Friday, October 16, 2009, 8:34 pm

Neaux class

Tiger Stadium

BATON ROUGE, La. — Heading into Tiger Stadium on Saturday evening, we had to walk through a gauntlet of liquored- and revved-up LSU fans who, naturally and understandably, took their share of potshots. Most of the taunting involved Florida’s quarterback and Second Coming of Wuerffel, Spurrier and Jesus Christ combined, Tim Tebow.

The most creative jab came in the form of a mannequin, creepily stripped bare save for a sign on its chest: “Tebow circumcised me.” Perfectly acceptable.

But the not-so-good-natured-yet-strangely-endearing roasting turned nasty minutes before the game. No, not when a group of Florida players jumped on the eye of the tiger at midfield. I was getting a hot dog and didn’t witness that. This had nothing to do with fans, players or coaches but with whatever staff member puts together the Tigers’ pre-game video montage (which, I must say, was about as lame as most universities’ TV spots that almost without fail will show a. the pastoral campus, b. the multicultural group lounging at the student union and c. a professor and student intently staring into a beaker).

First of all, I’m not sure why said staffer felt it necessary to include clips of the Gators.
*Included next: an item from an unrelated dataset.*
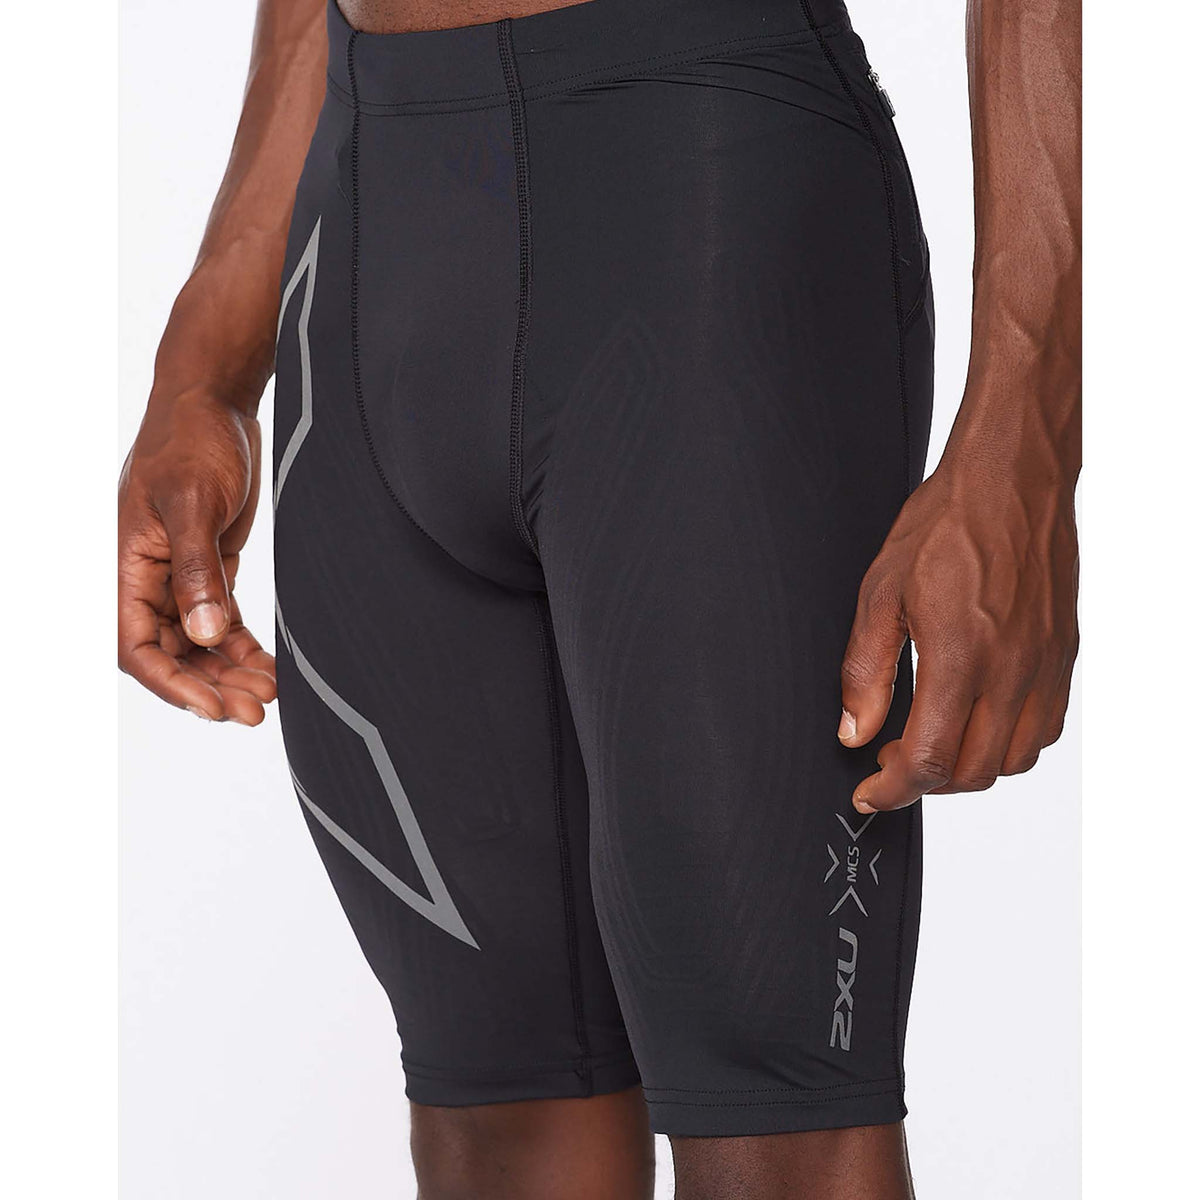 2XU Light Speed shorts de compression noir noir homme face

I’m assuming it’s a weekly thing, showing footage of the Tigers’ opponent. Personally, I found it sophomoric, even for the 128th-ranked university in the country. Lame strike No. 2. But when the clip reel included the vicious hit Tebow suffered at Kentucky I lost my shit. Here, in the week leading up the game, you had LSU coach Les Miles and his players saying all the right things about wanting Tebow to bounce back, to be OK, to be on the field. Then to show that “highlight”? That was about as classy as the LSU offense was prolific.

In the end, though, Tebow lined up in victory formation, took the snap and took a knee, and I could look up at the video board and smile: UF 13, LSU 3. See if they show that shit in two years.

Tags:

2 comments

  1. Drew says:

    I know a big part of my college experience was standing in a lab coat, looking at bubbles with my professor.

    (P.S. Have you -seen- our new TV ads? A baby being born? A girl looking at art? OK, I’m trying to think of other bad things but they’re escaping me, probably because I kind of like that commercial. Or I’m just biased. Go Gators!)

    • Chad Smith says:

      I not-so-secretly admire the Gator Nation campaign. Compared with other universities’ advertising, it look, at least, professional. But I haven’t seen that new spot that. I’m sure I’ll dig it too.

      Just remember: The Gator Nation is everywhere, Mr. Harwell.